■ **Work task**
Every line below between the one holding "Vintage Scandinavian Style" and the one holding "A careful little", inclusive, should be copied exactly, and no other line.

■ **Given records**
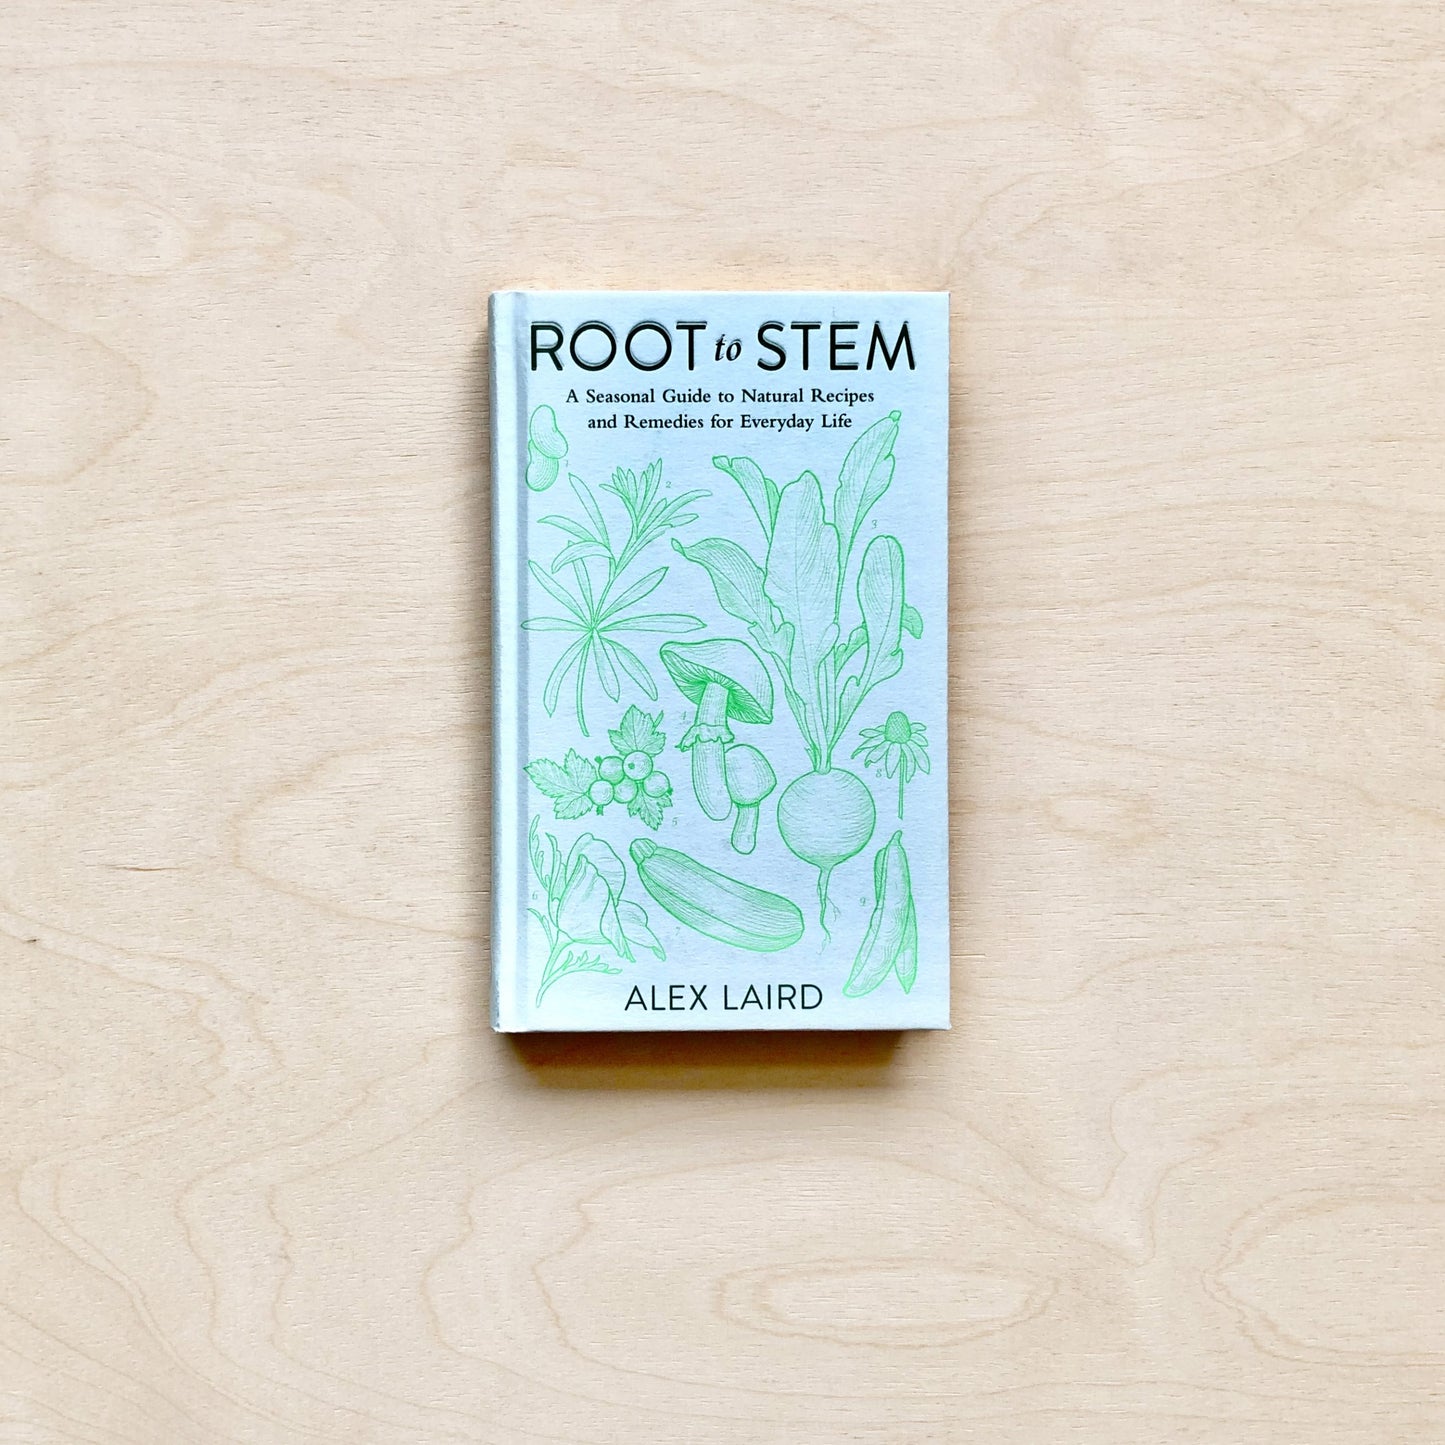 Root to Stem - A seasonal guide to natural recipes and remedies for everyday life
---
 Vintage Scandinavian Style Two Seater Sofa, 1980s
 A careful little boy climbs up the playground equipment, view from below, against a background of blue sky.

■ **Expected output**
 Vintage Scandinavian Style Two Seater Sofa, 1980s
 A careful little boy climbs up the playground equipment, view from below, against a background of blue sky.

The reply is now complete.